JAKARTA,TERMINALNEWS.Co–|Di tengah meningkatnya kesadaran orang tua terhadap pentingnya nutrisi anak, tak sedikit yang mempertanyakan, mengapa susu pertumbuhan yang mengandung berbagai vitamin dan mineral penting, justru sering diperdebatkan atau bahkan dilarang dalam beberapa panduan? Menurut Dokter spesialis penyakit dalam dr. Sukiman Rusli, Sp.PD., pelarangan atau larangan keras bukan ditujukan pada semua jenis susu, melainkan pada kesalahan persepsi masyarakat terhadap produk susu, terutama ketika susu kental manis disalahartikan sebagai susu pertumbuhan.
Menurut dr. Sukiman, susu pertumbuhan pada dasarnya adalah hasil dari kemajuan teknologi pangan yang mencoba meniru kandungan Air Susu Ibu (ASI). Susu ini diformulasikan untuk memenuhi kebutuhan gizi anak-anak, terutama ketika kebutuhan nutrisi meningkat setelah usia 6 bulan. “Susu pertumbuhan itu secara ilmiah dikembangkan untuk meniru ASI, meski tidak sepenuhnya sempurna. Tapi dari segi komposisi, banyak yang sudah diperkaya dengan zat penting seperti zat besi (Fe),” ujarnya.
Zat besi adalah salah satu mikronutrien yang sangat penting untuk tumbuh kembang anak, terutama dalam pembentukan sel darah merah dan perkembangan otak. Kekurangan zat besi bisa menyebabkan anemia, gangguan pertumbuhan, hingga penurunan kecerdasan kognitif. Di sinilah susu pertumbuhan bisa berperan. Beberapa produk bahkan sudah diperkaya dengan kombinasi zat besi dan vitamin C (Iron C) yang memudahkan penyerapan zat besi oleh tubuh.
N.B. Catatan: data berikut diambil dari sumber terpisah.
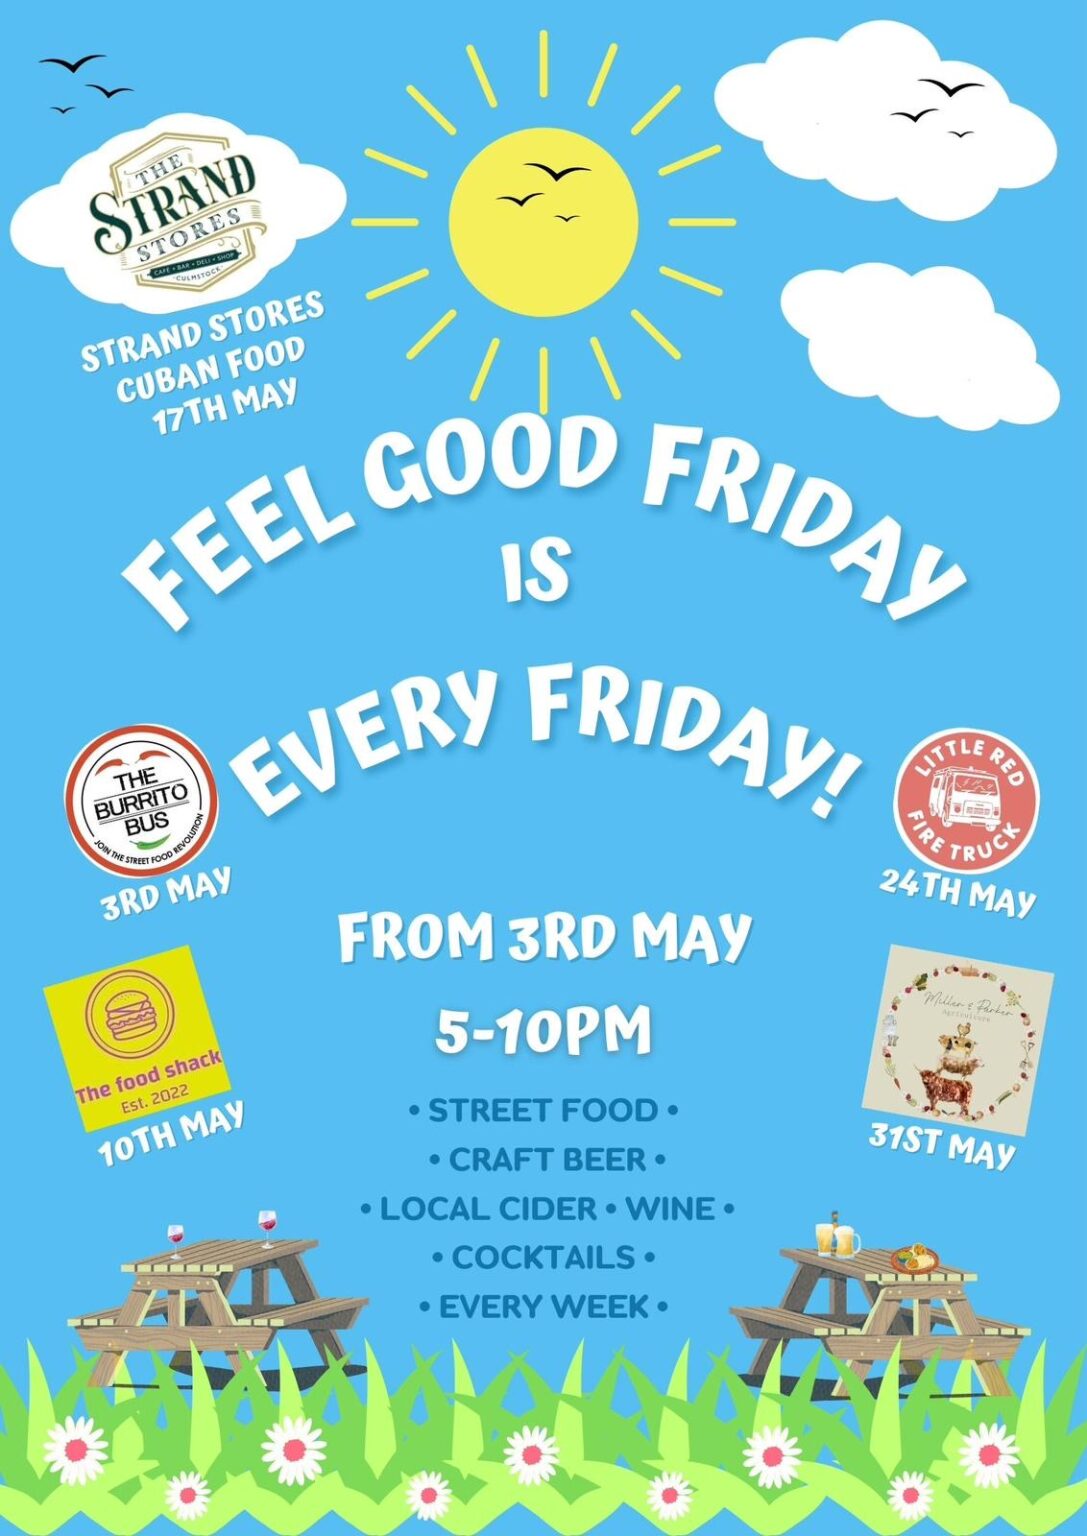 Feel Good Friday at The Strand Stores

Namun, dr. Sukiman menegaskan pentingnya memahami konteks. “Yang sering disalahpahami masyarakat adalah menyamakan semua produk susu. Padahal, susu pertumbuhan berbeda dari susu kental manis,” jelasnya. Ia menekankan bahwa susu kental manis bukanlah susu yang layak dikonsumsi sebagai sumber gizi utama anak. “Itu bukan susu. Kandungan gulanya tinggi dan sangat minim nutrisi. Bahkan bisa menyebabkan obesitas dan penyakit metabolik lain.”